При этом, однако, в мое намерение входило быть снисходительным к молодому человеку и, насколько возможно, предоставлять ему слово и позволять высказываться. Но когда он высказывал что–либо неверное или излишнее или упускал лучшее, мне все–таки Приходилось останавливать его; и это случалось довольно часто; поэтому кое у кого может сложиться впечатление, будто старик читает вслух книгу молодому человеку, но нередко, откладывая ее, предается собственным мыслям на эту тему.
Совершенно ясно, что произведение, исправленное таким образом через столь долгое время, не может обладать тем единством и той завершенностью, которые свойственны лишь работам, написанным единым духом. Уже в стиле и манере изложения будет ощущаться столь явное различие, что чуткий читатель никогда не усомнится, слышит ли он старца или юношу. Конечно, мягкий, скромный тон молодого человека, который доверчиво излагает свои мысли и еще достаточно наивен, чтобы со всей серьезностью полагать, будто всем, занимающимся философией, дорога только истина и они поэтому благосклонно встретят того, кто способствует ее обнаружению,– этот тон сильно отличается от твердого, подчас несколько резкого голоса старика, который должен был в конце концов понять, в какое благородное общество ремесленников и раболепных подхалимов он попал и чего они, собственно, домогаются. И если теперь он иногда не может сдержать негодования, то справедливый читатель не посетует за это на него, ведь результат показал, что получается, если на устах истина, а взоры обращены только на то, чего желает высшее начальство, и если при этом е quovis ligno fit Mercurius003 распространяют и на великих философов и, не задумываясь, относят к ним и такого грубого шарлатана, как Гегель. Ведь немецкая философия, вызывающая презрение, осмеянная в других странах, изгнанная из среды подлинных наук, уподобилась публичной женщине, которая за жалкую плату отдает предпочтение сегодня одному, завтра другому; в умы нынешнего поколения ученых внесена дезорганизация гегелевской бессмыслицей; неспособные мыслить, грубые и оглушенные, они становятся добычей плоского материализма, вылупившегося из яйца василиска. В добрый час! Я возвращаюсь к моему предмету.
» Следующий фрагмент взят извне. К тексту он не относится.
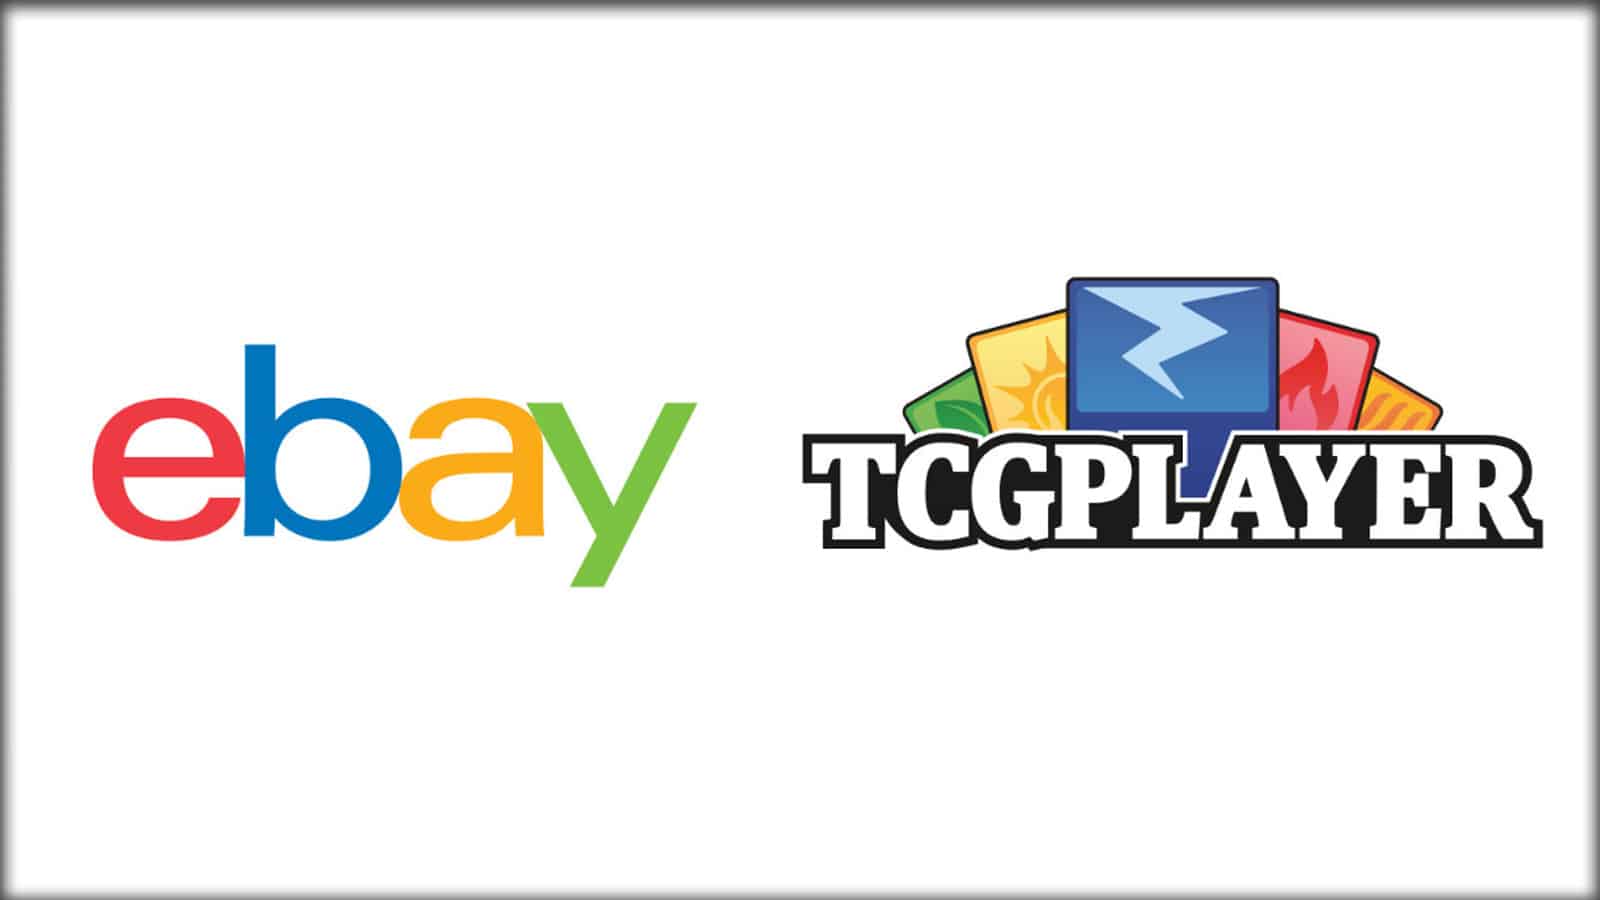 TCGPlayer ebay merger

С неровностью тона придется, следовательно, примириться; я не мог здесь, как это было сделано в моем основном труде, выделить более поздние дополнения в отдельную книгу; ведь, собственно, дело не в том, чтобы читатель знал, что именно я написал на двадцать шестом и что на шестидесятом году жизни; важно только, чтобы те, кто хочет ориентироваться в основных понятиях философствования, твердо усвоить и ясно понять их, нашли бы в этих немногих листах книжицу, в которой они смогут почерпнуть нечто дельное, основательное и истинное: и на это я надеюсь. После обработки, которую получили теперь некоторые разделы этой книги, в ней сложилась в сокращенном виде теория всей познавательной способности, которая, следуя все время только закону основания, рассматривает предмет каждый раз с новой, особой стороны; свое дополнение эта теория находит в первой книге «Мира как воли и представления», а также в относящихся к ней глава
х второго тома этой работы и в «Критике кантовской философии».
Франкфург–на–М. Сентябрь 1847
Первая глава
Божественный Платон и изумительный Кант соединяют свои убедительные голоса, советуя при выборе метода философствования, даже всякого знания вообще*, руководствоваться таким правилом: надо, говорят они, следовать в одинаковой степени двум законам – закону однородности и закону спецификации, но не одному из них в ущерб другому. Закон однородности требует, чтобы, выявляя сходство вещей и их соответствие друг другу, мы постигали виды, объединяли их в группы, а группы в роды, пока в конце концов не дойдем до высшего всеобъемлющего понятия. Так как этот закон трансцендентален, сущностей для нашего разума, он предполагает соответствие ему природы, и это предположение выражено в старом правиле: entia praeter necessitatem non esse multiplicanda. Напротив, закон спецификации Кант выражает так: entium varietates non temere esse minuendas004 . Это значит, что мы должны строго различать группы объединенные многообъемлющим родовым понятием, а также объединенные им высшие и низшие виды, остерегаясь совершить какой–либо скачок и подводить низшие виды, или даже особи, непосредственно под понятие рода, ибо каждое понятие может быть еще разделено на более низкие и ни одно из них не сводится к простому созерцанию. Кант учит, что оба закона – трансцендентальные основоположения разума, a priori постулирующие соответствие им вещей, а Платон высказывает, по–видимому, то же на свой манер, говоря, что эти правила, которым вся наука обязана своим возникновением, совлечены вместе с огнем Прометея с престола богов.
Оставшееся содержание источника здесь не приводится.